Provides-Extra: benchmark
Requires-Dist: scikit-learn>=1.0; extra == "benchmark"
Requires-Dist: matplotlib>=3.5; extra == "benchmark"
Dynamic: license-file

# Batched OMP: Fast Orthogonal Matching Pursuit for CPU and GPU

**Paper:** [Efficient Batched CPU/GPU Implementation of Orthogonal Matching Pursuit for Python](https://arxiv.org/abs/2407.06434)

Batched implementation of Orthogonal Matching Pursuit (OMP) using BLAS (CPU) and PyTorch (GPU). **The fastest GPU implementation of OMP** — up to **26x faster than SPAMS** (C++) while being pure Python/PyTorch. **Up to 310x faster than scikit-learn** on GPU.


![Benchmark plot](benchmarks/results/benchmark_plot.png)

### Speedup vs scikit-learn

| Config | Best CPU | GPU | SPAMS (C++) | GPU vs SPAMS |
|--------|----------|-----|-------------|-------------|
| Image patches (256×1024, S=32, B=5K) | 5.5x | **310x** | 12.0x | **25.8x faster** |
| Face recognition (8064×1207, S=30, B=1.2K) | 4.9x† | **71x** | 4.9x | **14.6x faster** |
| Audio (512×2048, S=64, B=5K) | 4.5x | **137x** | 11.4x | **12.0x faster** |

† v0_blas (inverse Cholesky + Cython BLAS) wins on CPU for face recognition due to large n_features (8064).

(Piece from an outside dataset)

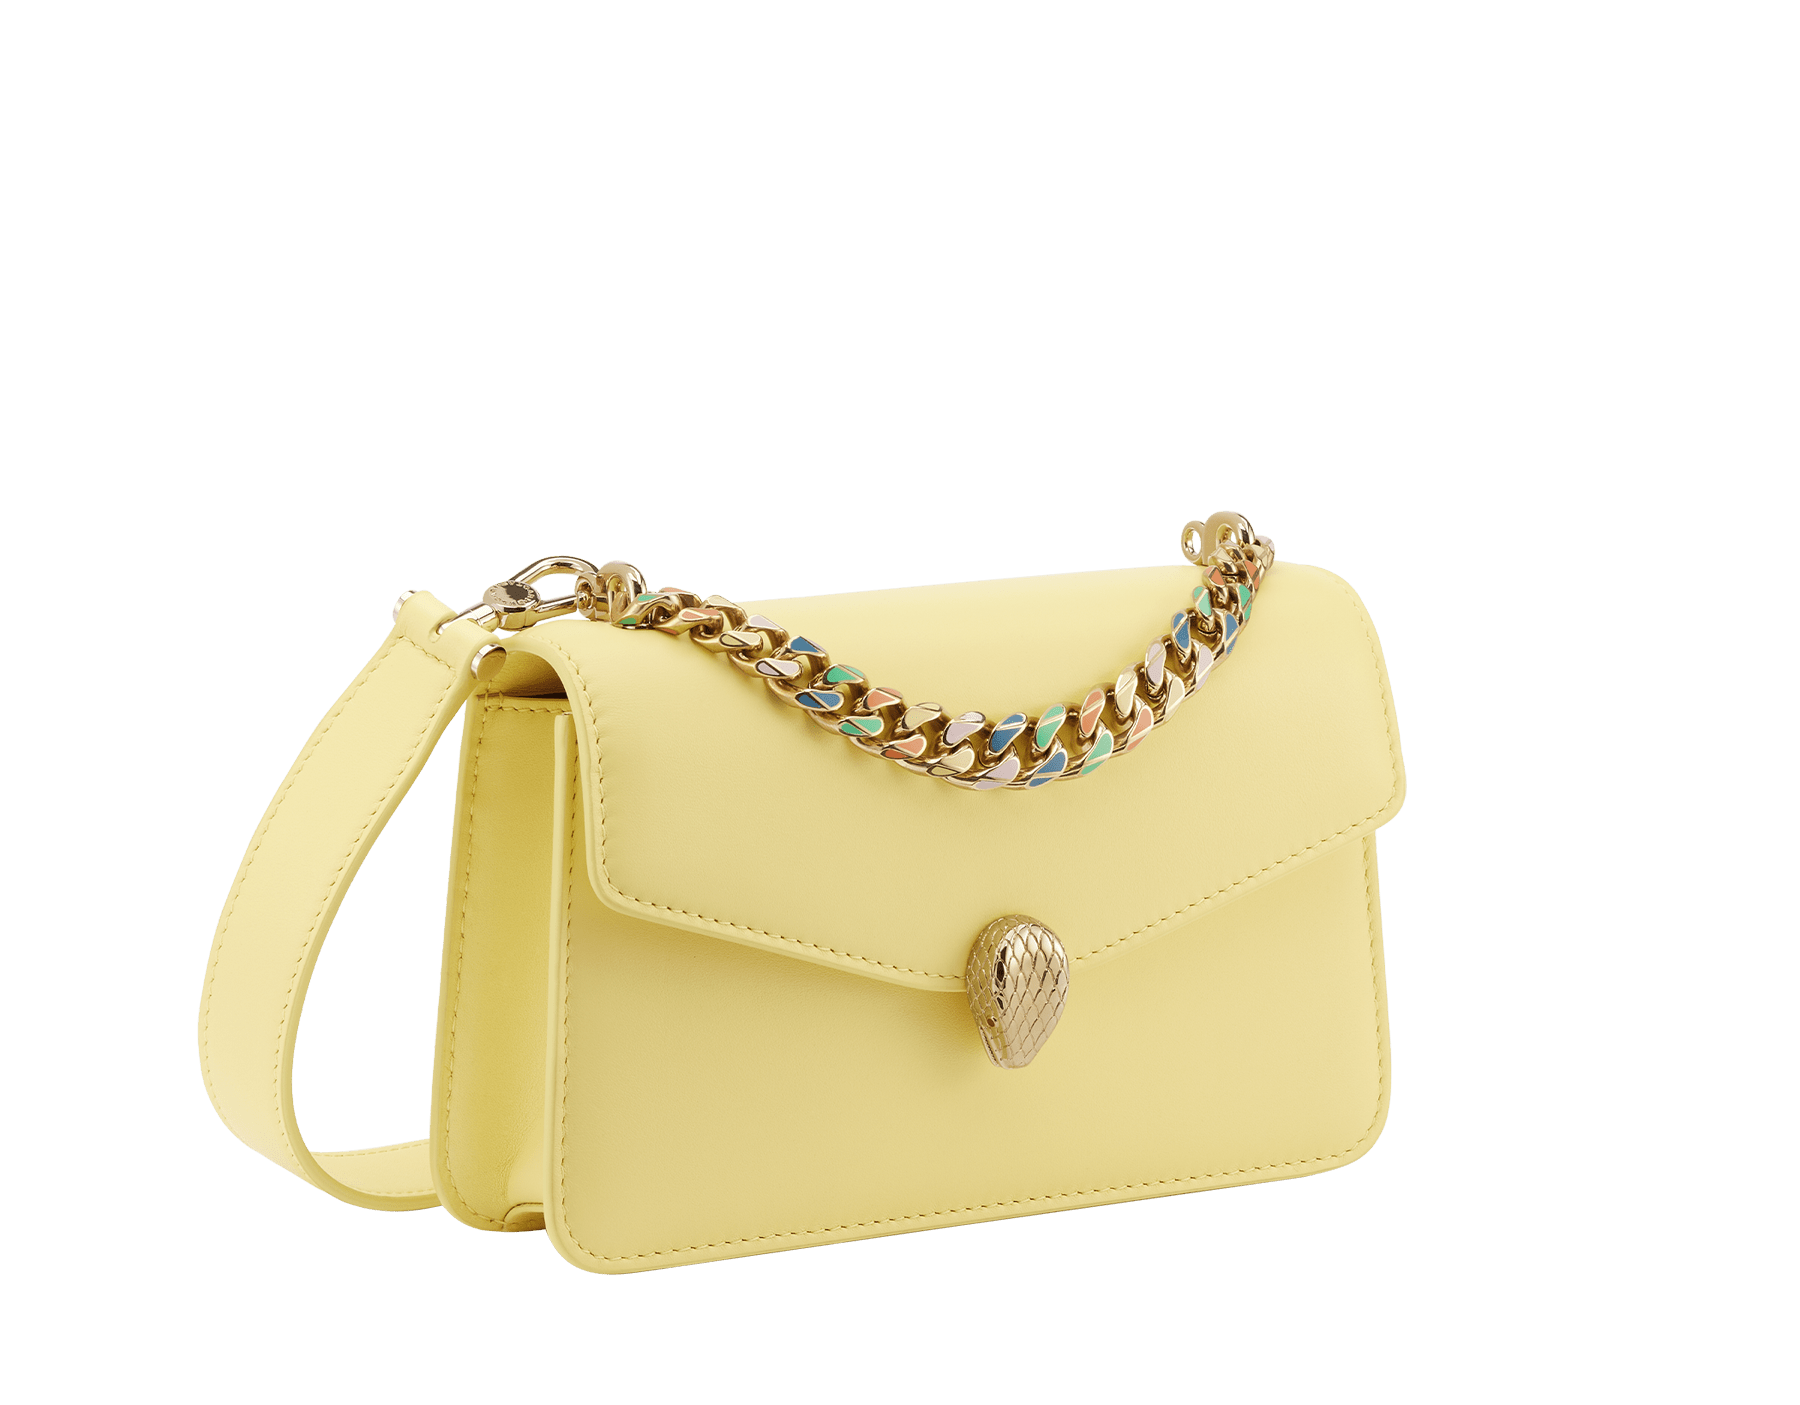 "Serpenti Forever" maxi chain pochette in Blush Quartz pink calf leather and Deep Garnet bordeaux nappa leather. New Serpenti head closure in gold-plated brass, finished with red enamel eyes. SEA-XLCHAINPOUCH image 1

*Hardware: Intel Xeon 8559C, NVIDIA RTX PRO 6000 Blackwell 102 GB (AWS g7e.8xlarge)*

**There is no other production-ready GPU implementation of OMP.** Existing alternatives either crash on overcomplete dictionaries (cr-sparse) or are CPU-only (sklearn, SPAMS). Batched OMP is the fastest OMP implementation available when you have a GPU.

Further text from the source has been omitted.